## MATERIAL FOR THE TASK
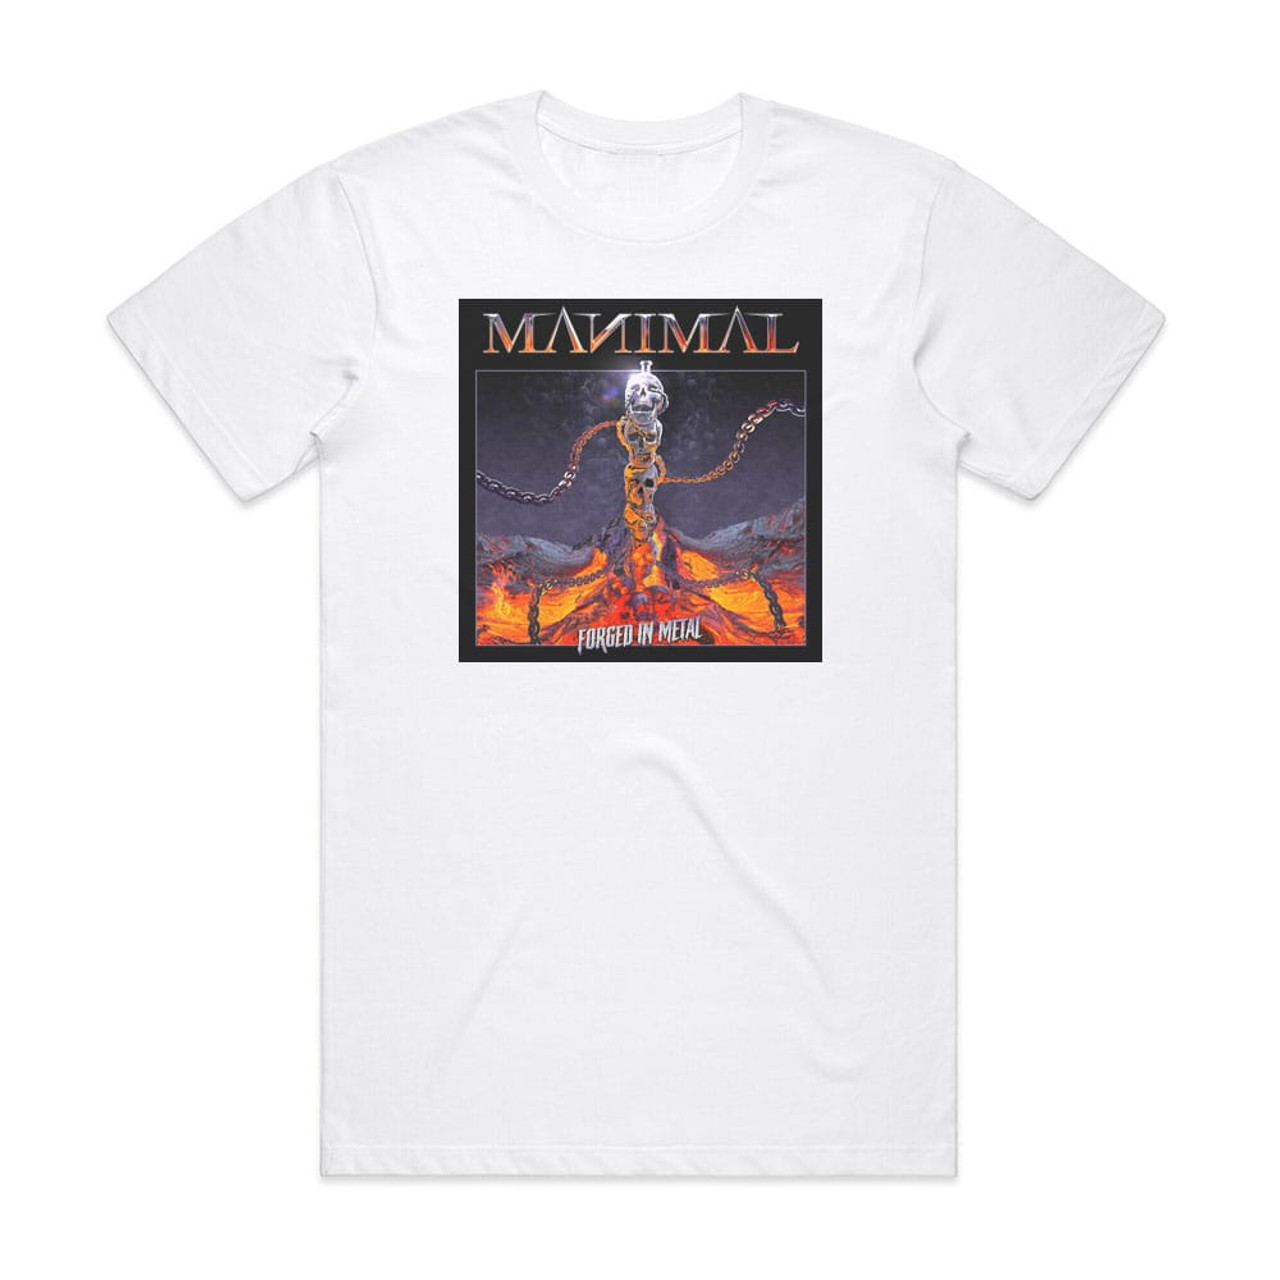 I fare vand blomsten Begyndelsen Manimal Forged In Metal Album Cover T-Shirt White
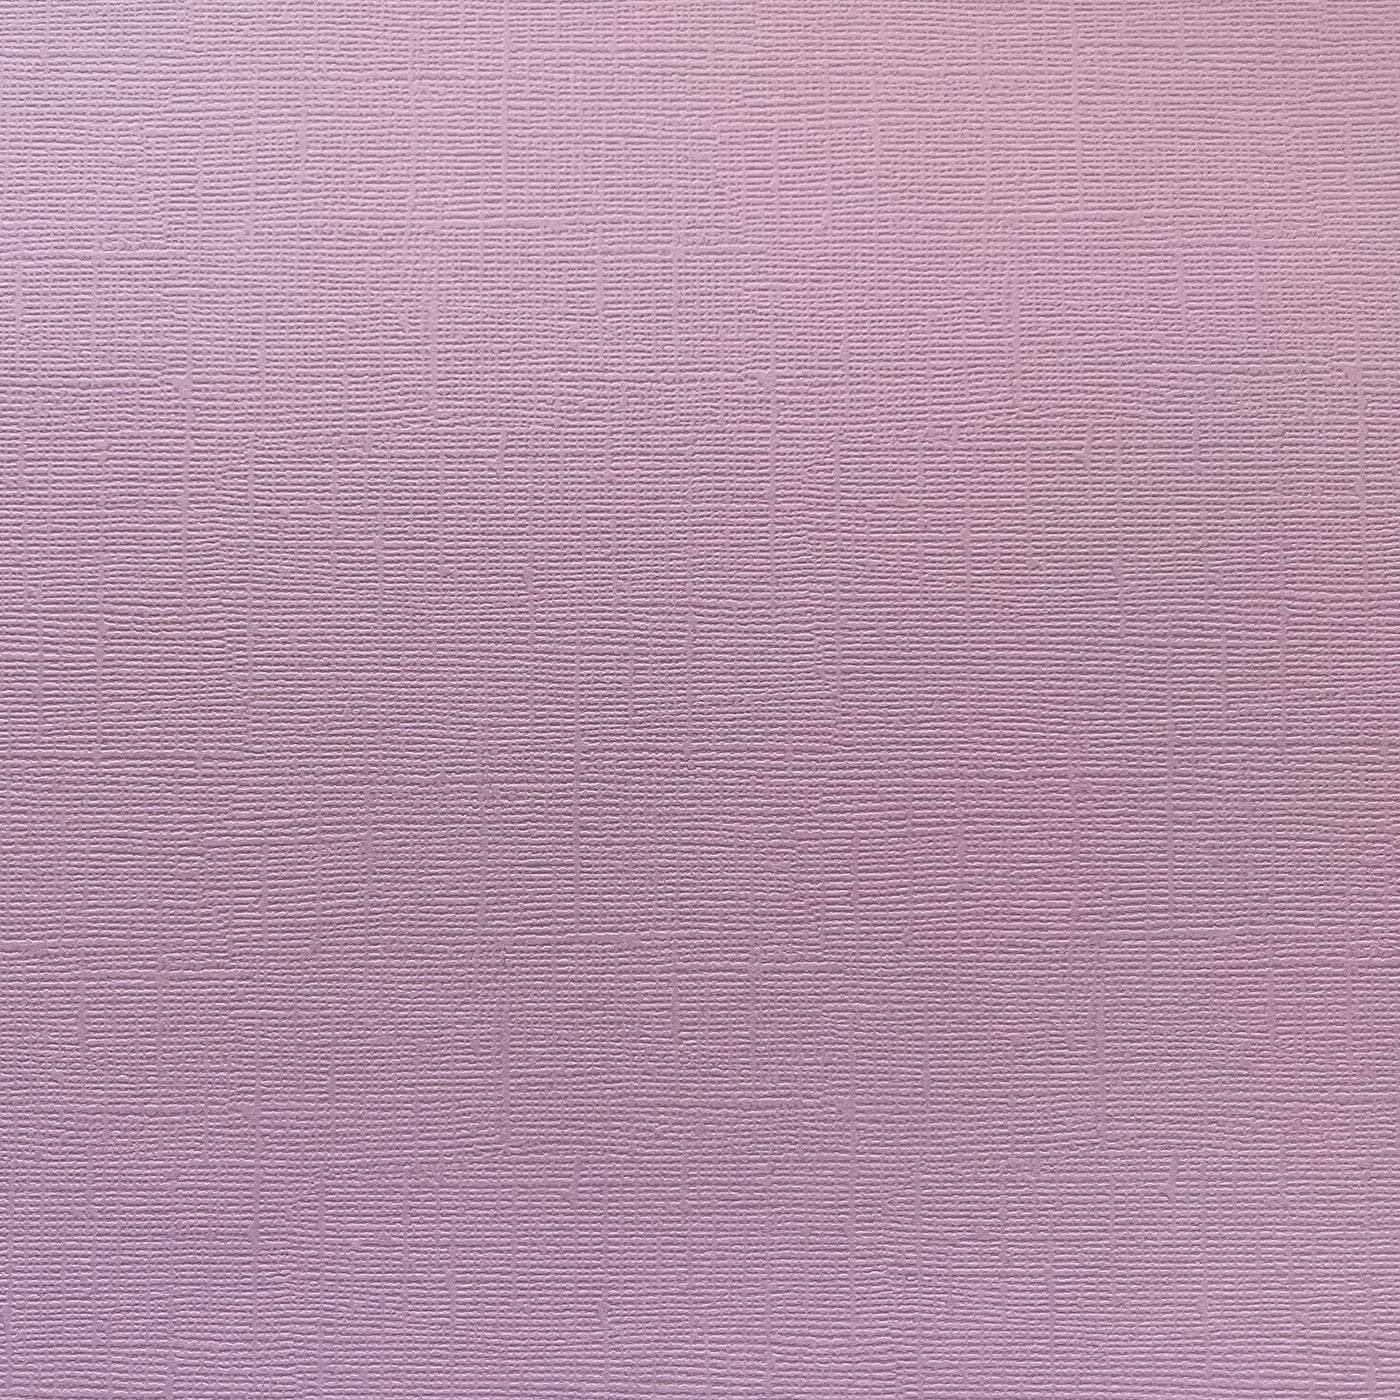 LILAC LACE -Lavender Textured 12x12 Cardstock - Encore Paper
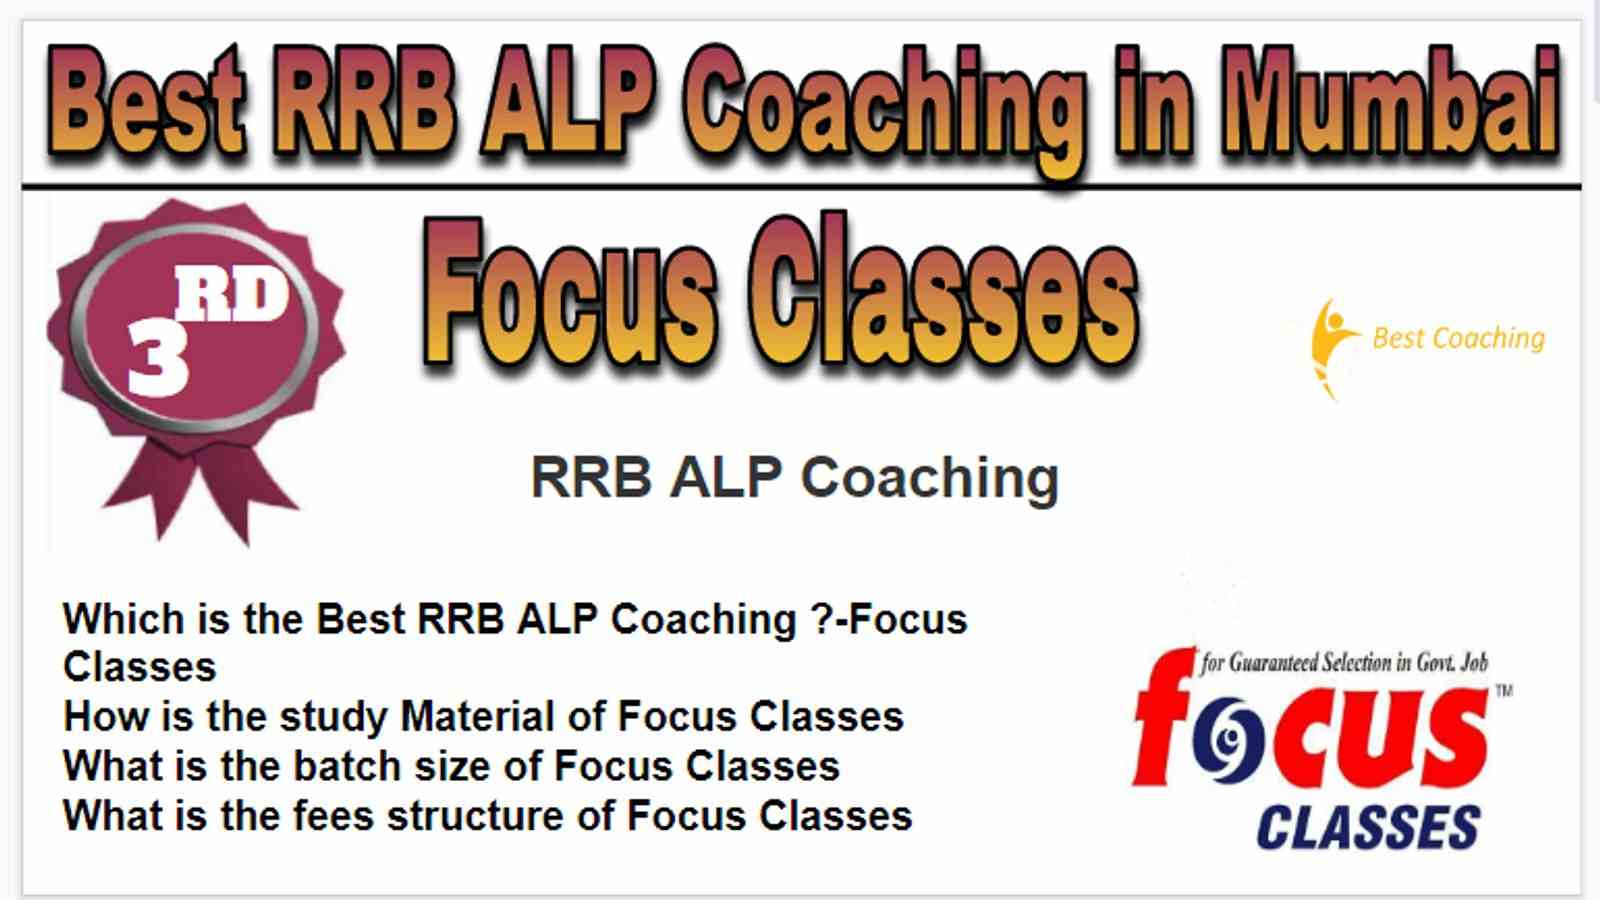 Rank 3 Best RRB ALP Coaching in Mumbai
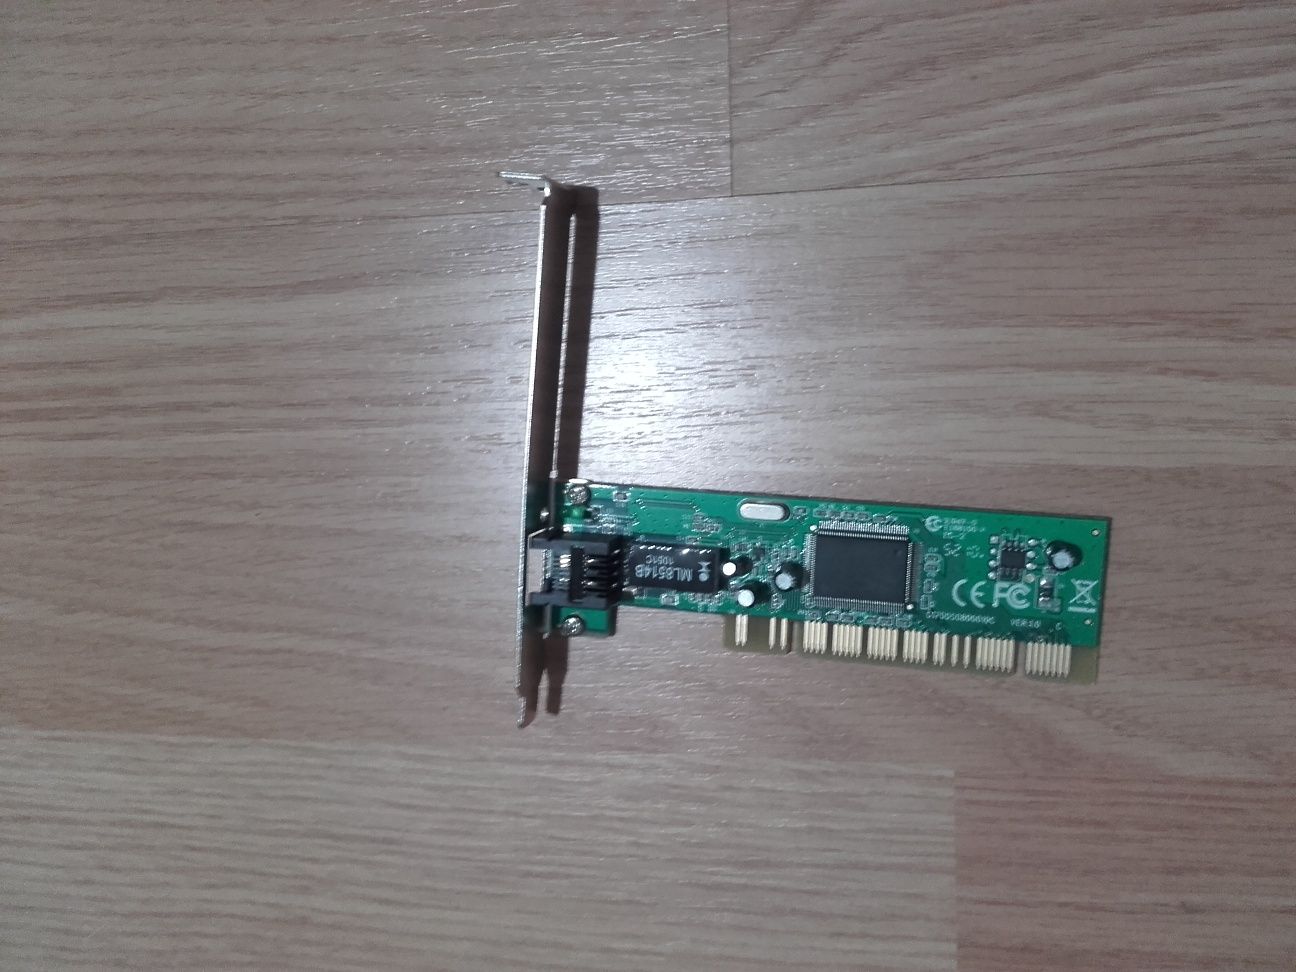 Karta sieciowa ASUS NX1001 Network PCI Adapter
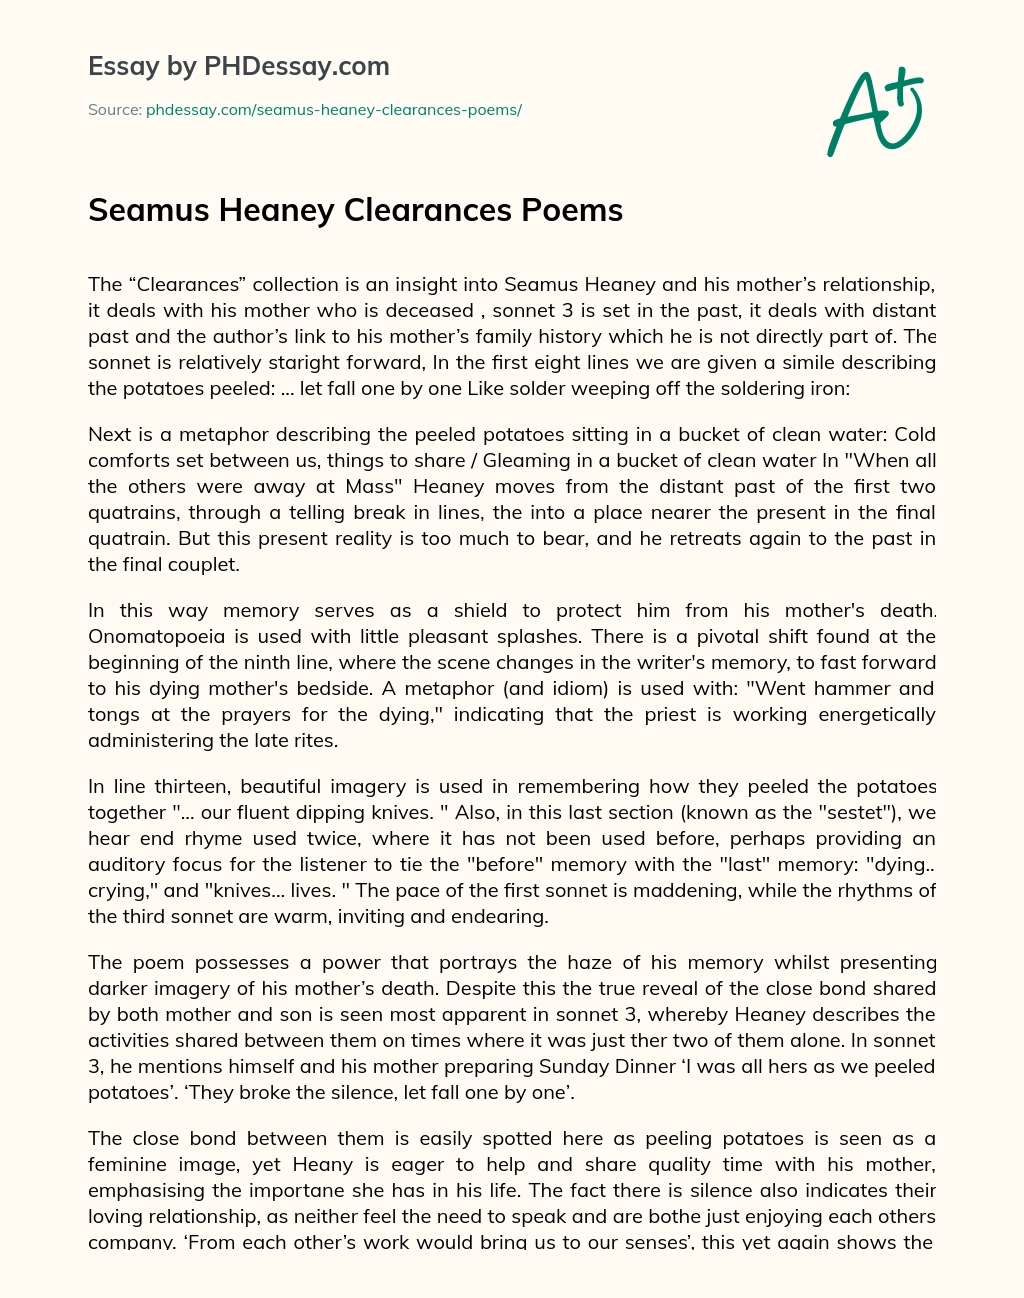 Seamus Heaney Clearances Poems essay

## EXERCISE INSTRUCTIONS
Line by line, write out the records above exactly, skipping the pictures.

## EXERCISE RESULT
 I fare vand blomsten Begyndelsen Manimal Forged In Metal Album Cover T-Shirt White
 LILAC LACE -Lavender Textured 12x12 Cardstock - Encore Paper
 Rank 3 Best RRB ALP Coaching in Mumbai
 Karta sieciowa ASUS NX1001 Network PCI Adapter
 Seamus Heaney Clearances Poems essay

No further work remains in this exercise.